Primero que nada, el juego comienza con cinemáticas que, quizás, resultan algo pretenciosas, dejándote claro que va a ir con todo en lo emocional. Puede que el tono francés en los primeros compases sea un tanto excesivo, pero también es imprescindible para transmitir las emociones de la manera en que lo hace. Desde aquí, te recomendaría encarecidamente que juegues con las voces en francés, ya que esto lleva la pedantería al límite y, de alguna manera, realza la experiencia emocional del juego.

Lumière, con su estilo Belle Époque es preciosa pero también gris, triste y melancólica.

El juego no te da demasiadas explicaciones, pero asume que el jugador ya tiene algunas nociones. En el mundo de Clair Obscur, cada año la Paintress despierta y pinta un número en un monolito. Ese número marca la edad de todas las personas que desaparecerán instantáneamente. Nuestro prólogo comienza justo antes de que esto ocurra, en la ceremonia previa.
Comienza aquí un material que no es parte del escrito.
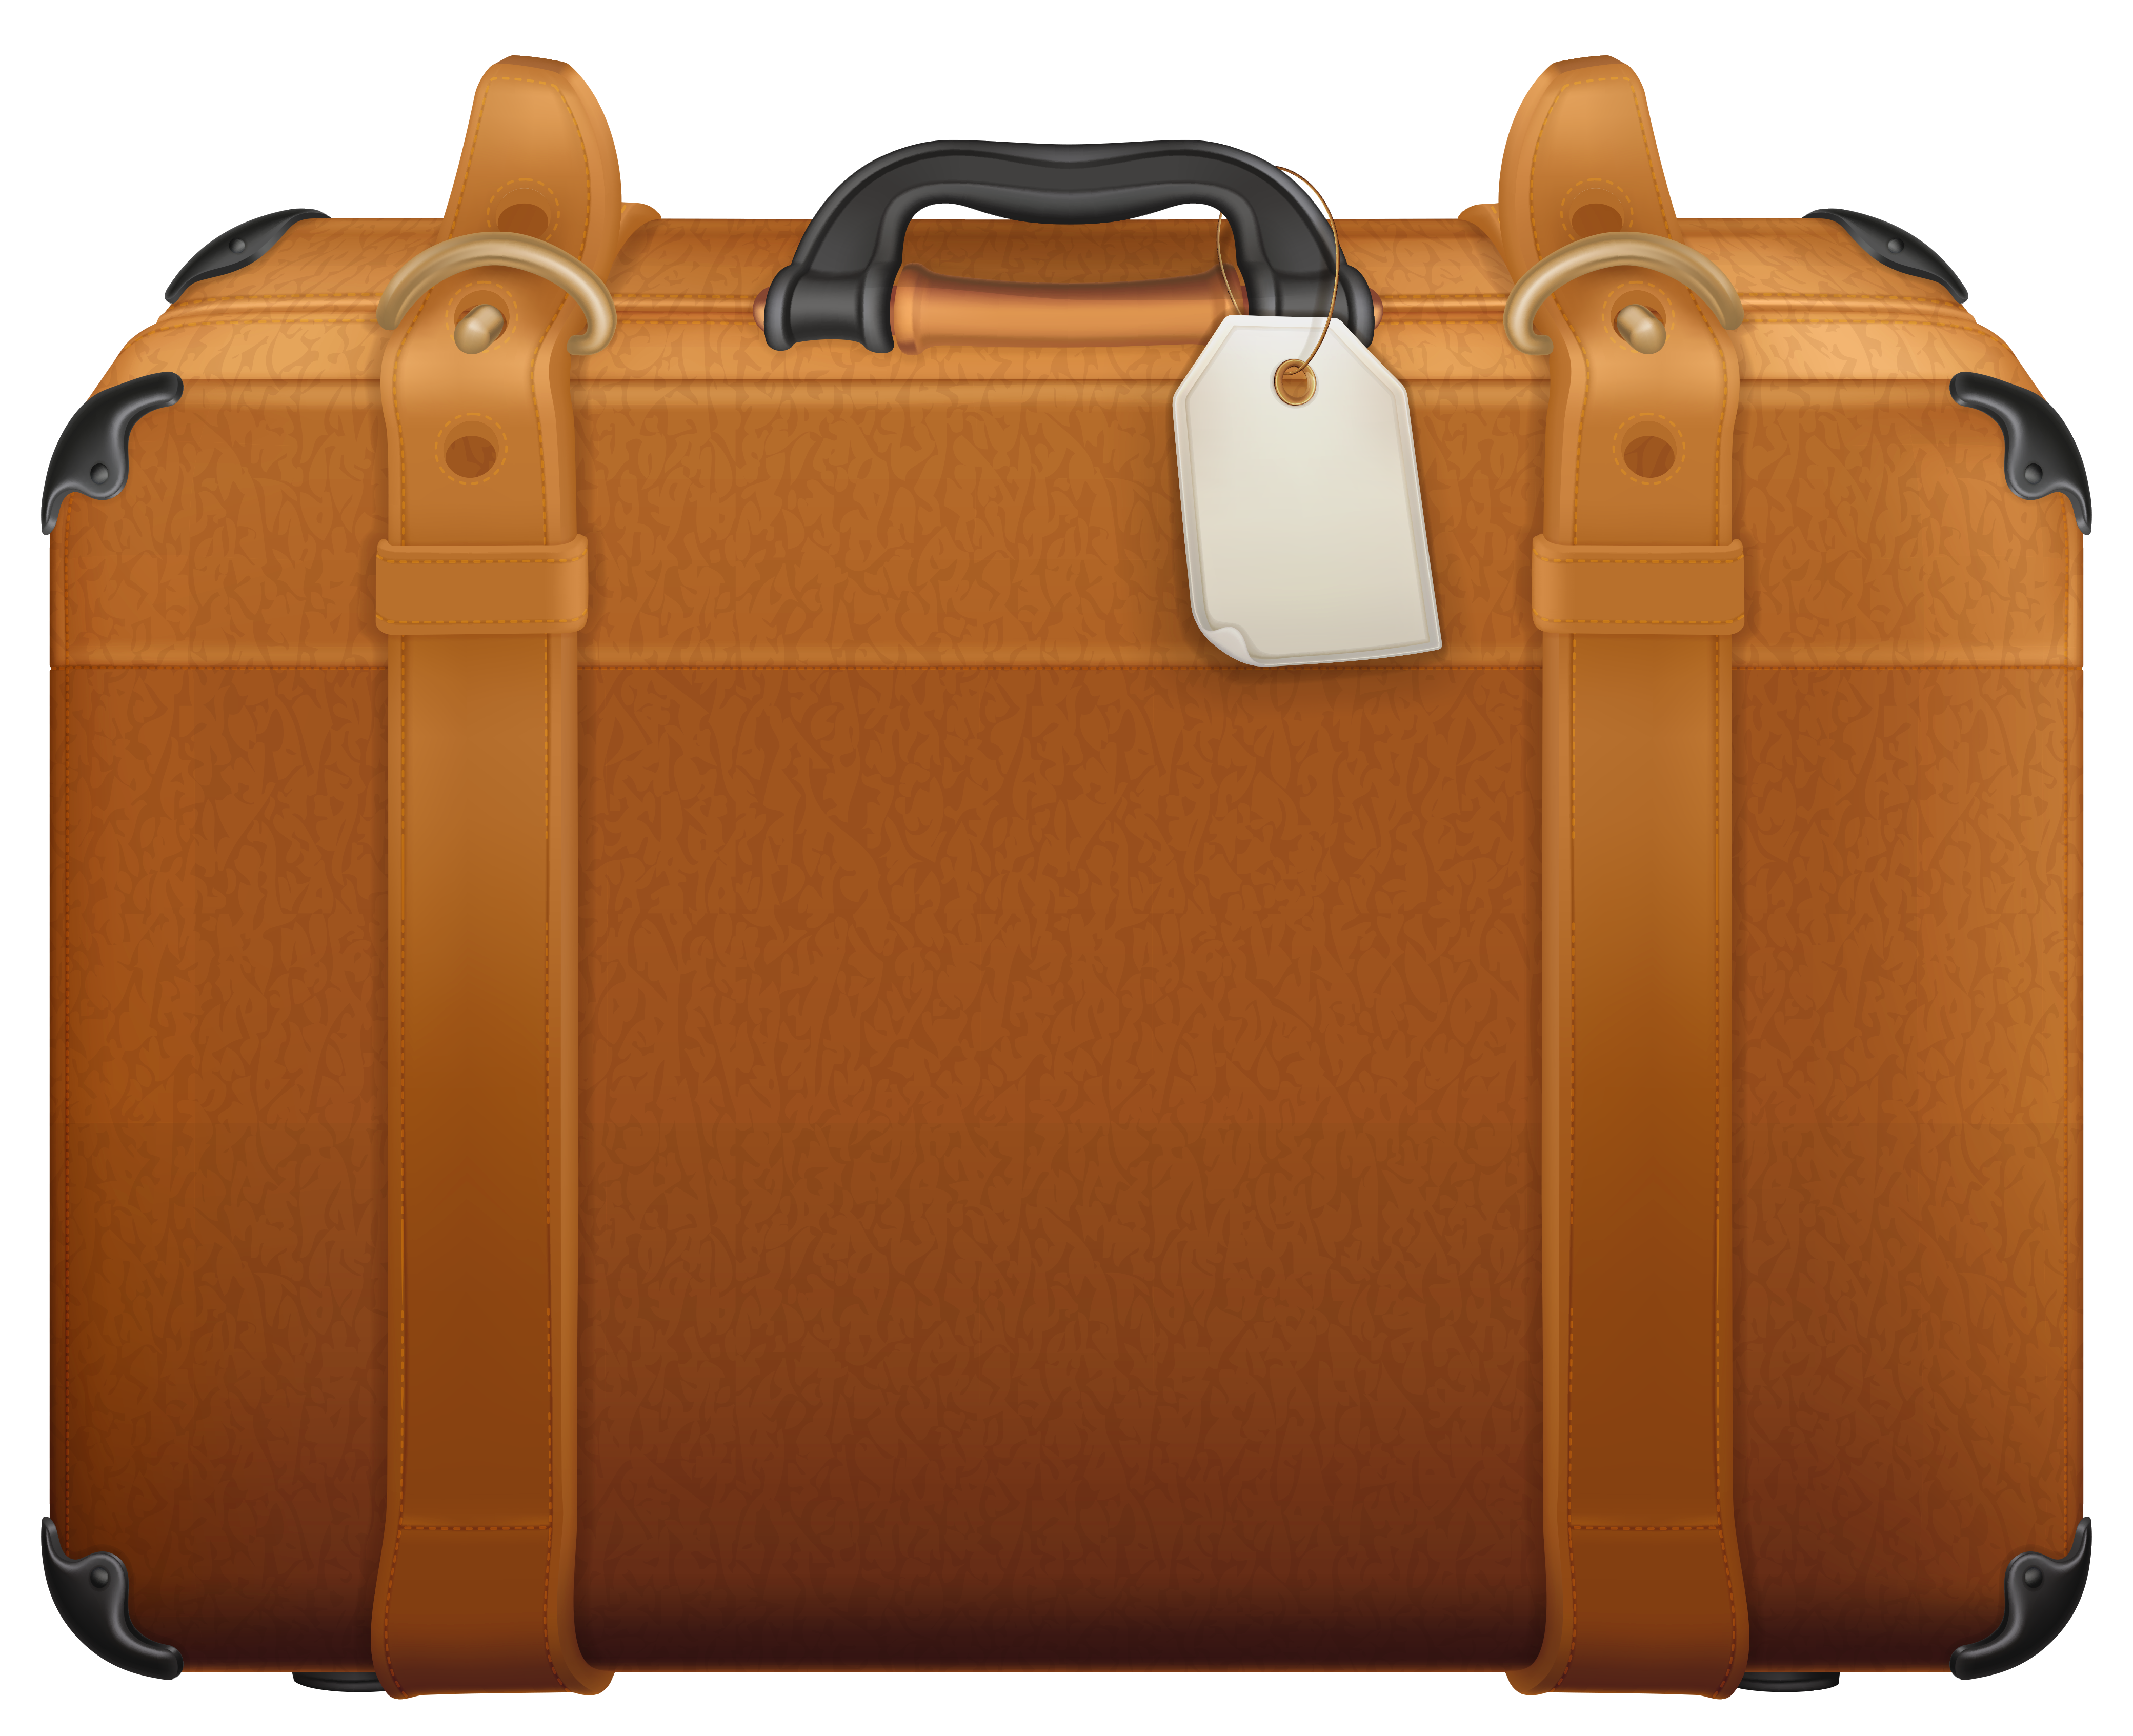 Suitcase clipart synkee 2

Gustave y Maelle van al encuentro de Sophie, la expareja de Gustave. Con apenas un par de líneas de diálogo entre ellos, entiendes que el encuentro no va a ser fácil, ya que ambos están distanciados. Cuando te encuentras con Sophie, la tensión es palpable. Es imposible no percibir todo lo que está pasando: la distancia que ahora hay entre ellos, lo mucho que se aman, y lo arrepentidos que están por cómo han sucedido las cosas. En ese momento, no queda otra opción; nada más importa que pasar los últimos momentos juntos.

El nerviosismo de encontrarse con la mujer de tu vida, de decir lo que no se puede expresar con palabras, o de no decir nada, de simplemente actuar de forma cotidiana mientras algo inexplicable te corroe por dentro es puro Krzysztof Kieślowski.

Juntos, de nuevo, avanzaréis hacia la gran ceremonia, descubriendo las mecánicas del juego y conociendo personajes que, lejos de responder tus preguntas, aumentan la intriga, pero disminuyen tu ansiedad como jugador.

Todo el prólogo tiene un tiempo perfectamente medido en lo emocional y cumple su función de enseñarte a los personajes y las mecánicas principales, descubrirás que todos los personajes han asumido su destino a su manera, y que todas sus reacciones son válidas.

Pese a todo, y pese a que en lo jugable no deja de ser un pasillo, lo más importante del prólogo es que nunca deja de narrar a través de sus personajes y localizaciones, estirándose de manera perfecta hasta llegar a su clímax, para doler como tiene que doler.

Y la música, la música lo es todo.

La comparación con Nier: Automata es común. Estamos hablando de dos juegos con altísimos niveles emocionales, tristes, melancólicos, existencialistas y con unas bandas sonoras descomunales.

Y, avanzado un poco más, con infinidad de preguntas, entendiendo lo que pasa pero sin comprender el mundo de Clair Obscur, llegamos al clímax. Una cinemática que quedará grabada en la historia del videojuego, como la muerte de Aerith o el final del primer The Last of Us.

El prólogo sigue un poco más pero yo prefiero quedarme en esta escena. Es difícil decir algo que lo capture todo: los gráficos, todo lo que nos ha llevado hasta este punto, lo que llevas dentro pero no exteriorizas, la banda sonora… El prólogo de Clair Obscur hay que vivirlo, jugarlo, llorarlo.